To determine directly if BORIS influences the activation of the WNT pathway, we then used a luciferase reporter assay where the luciferase expression is driven by tandem repeats of multiple copies of the consensus TCF/LEF- β-catenin responsive element (SABiosciences). LiCl, an inhibitor of GSK-3, was used as a positive control for pathway activation . Transient over-expression of BORIS in HEK293T cells led to a more than four-fold increase in luciferase activity compared to cells transfected with empty vector alone (Figure 6C). This activation was dependent on β-catenin as siRNA knock-down of β-catenin caused a significant reduction in the effect of BORIS over-expression in the TCF/LEF luciferase assay (Figure 6D, E and F).

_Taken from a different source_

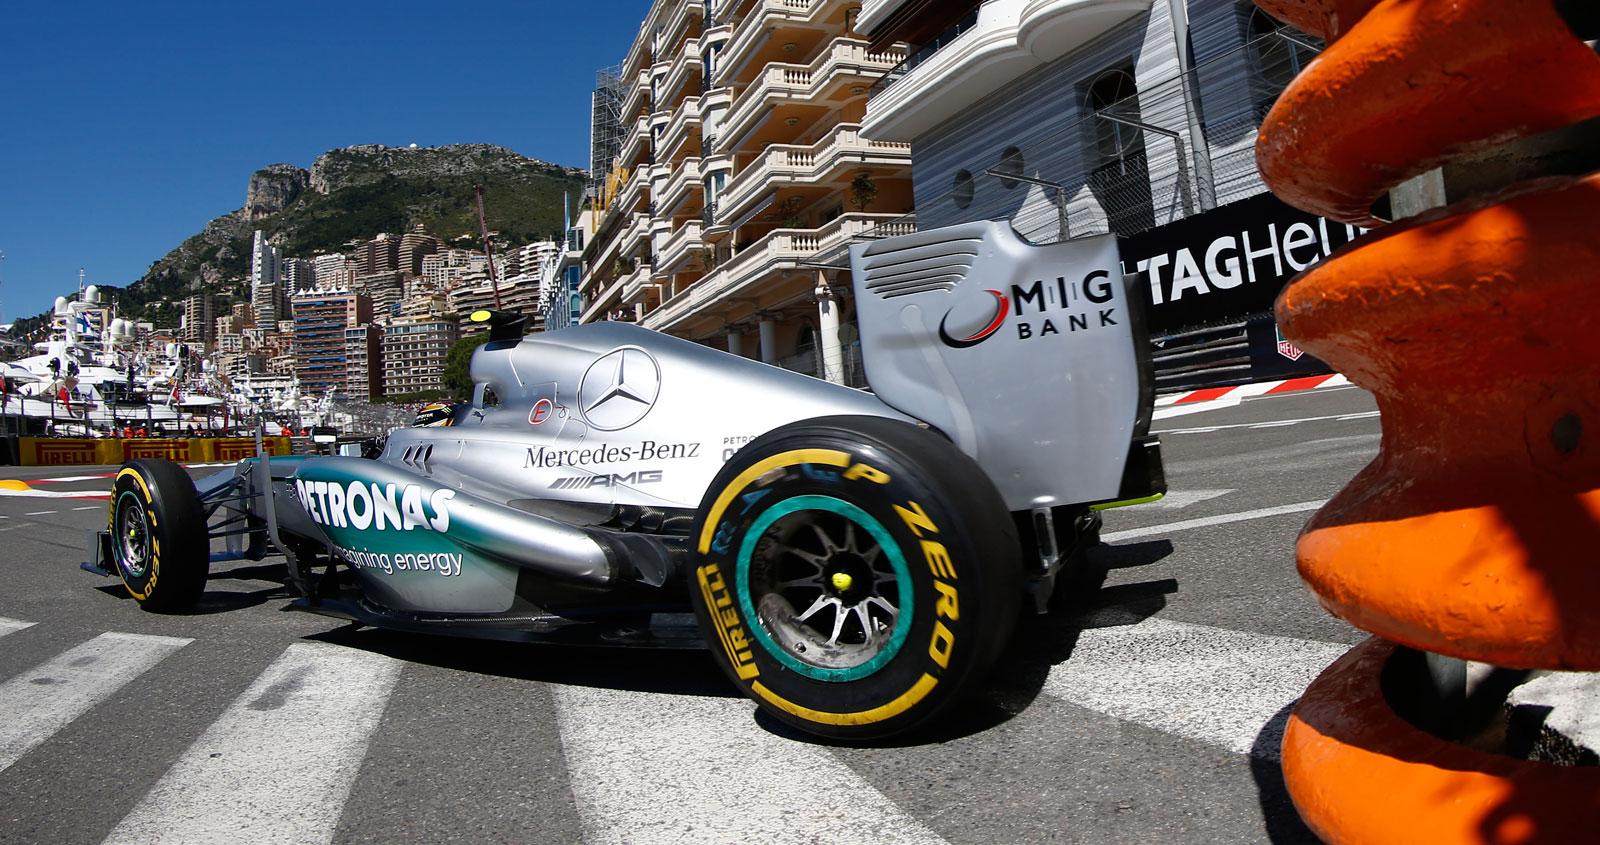 Fia Reprimands Mercedes Pirelli For Unauthorized F1 Tire Test

BORIS associates with polysomes
The large amount of RNA including ribosomal RNA, bound to BORIS, suggested that BORIS interacts with the translational machinery. To investigate this directly, we performed polysome profiling on cell extracts prepared from hNP1 and 6dN cells and analysed the distribution of BORIS in the resulting gradients by Western blotting. Consistent with a ribosomal association, BORIS was present throughout the gradient, co-sedimenting with all ribosomal subunits (40S and 60S) as well as monosomes (80S) and polysomes (Figure 7A). A similar sedimentation profile was observed for the ribosomal protein L7 (RPL7). The majority of BORIS was detected in the light fractions at the top of the gradient, where it co-sediments with the ribosomal proteins S6. The cytoplasmic but non-ribosome associated protein, GAPDH, was only detected in the light fractions.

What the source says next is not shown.